Wagner |
So, to sum up, Scott Wagner attributes climate change to all the hot sweaty people on Earth. And he believes the earth is moving closer to the Sun.
It feels like it in August.
At one of his campaign stops, Rose Strauss, a young woman studying Earth Sciences asked Wagner, "You've said that climate change is a result of people's body heat, and are refusing to take action on the issue. Does this have anything to do with the $200,000 that you have taken from the fossil fuel industry?"
And Wagner's answer came back:
"Well, I appreciate you being here. You're 18 years old. You know, you're a little young and naive. But are we here to elect a governor or elect a scientist? Okay? I'm here to be the governor. I appreciate - and I understand - the question. But I have one for you, Rose."
And then he went on to discuss water quality of the Susquehanna River, without posing the promised question.
Talk like that reminds me of the good old days of 1970, when Richard Nixon nominated a third-rate jurist to the Supreme Court.
(The more you learn about history, the more you see it repeating itself, you know what I'm saying to you here?)
The Supremes |
Hruska |
Even if he were mediocre, there are a lot of mediocre judges and people and lawyers. They are entitled to a little representation, aren't they, and a little chance? We can't have all Brandeises, Frankfurters and Cardozos.

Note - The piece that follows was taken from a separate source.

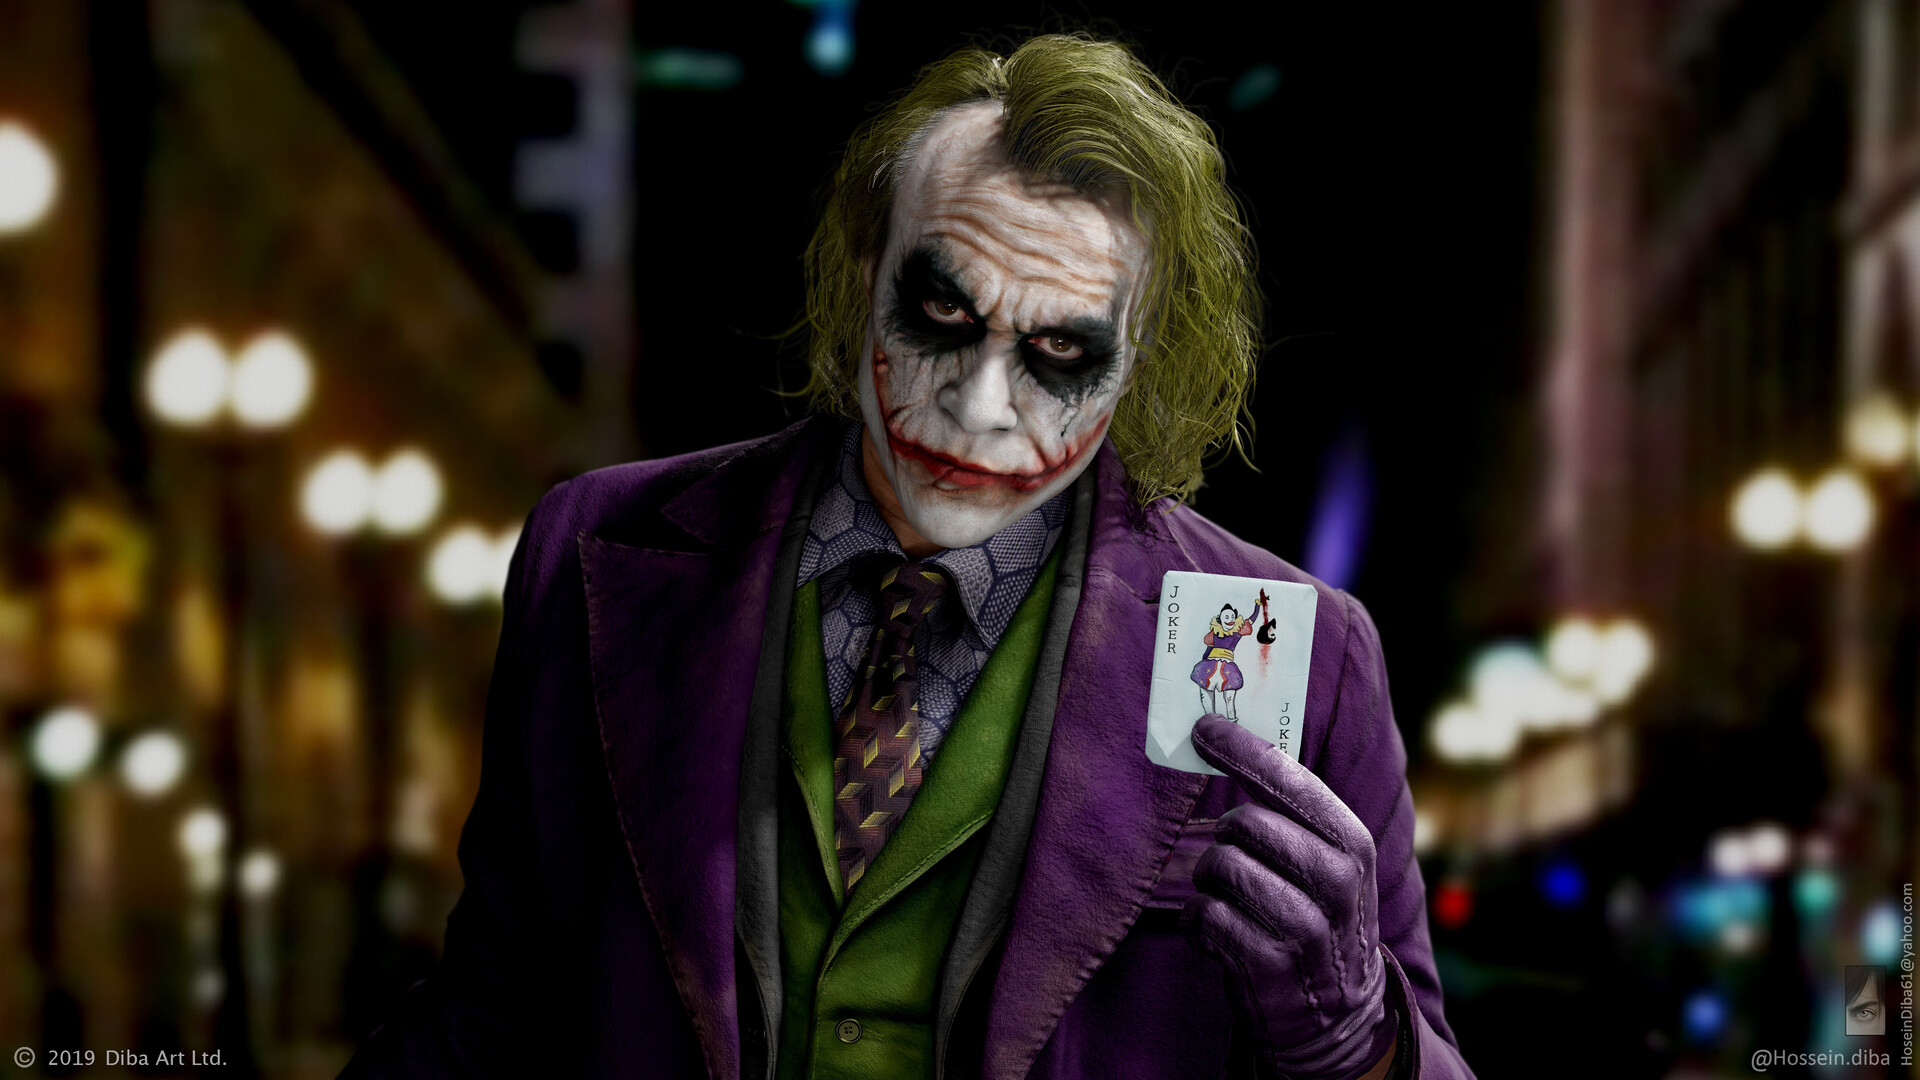 Hossein Diba - Joker (Heath Ledger) _ Real time

It may well have been that people in power felt that way for years and years, but not until Hruska admitted it did one of the 100 people in the US Senate come out and admit that Velveeta was just as good as Stilton, a couple of kids with harmonicas were up there with a Haydn string quartet, and a cheap backstreet affair was a parallel to true love.
Mediocrity is its own punishment, and not to be settled for if at all possible. No, we can't always have the best, but we suffer for not striving for it.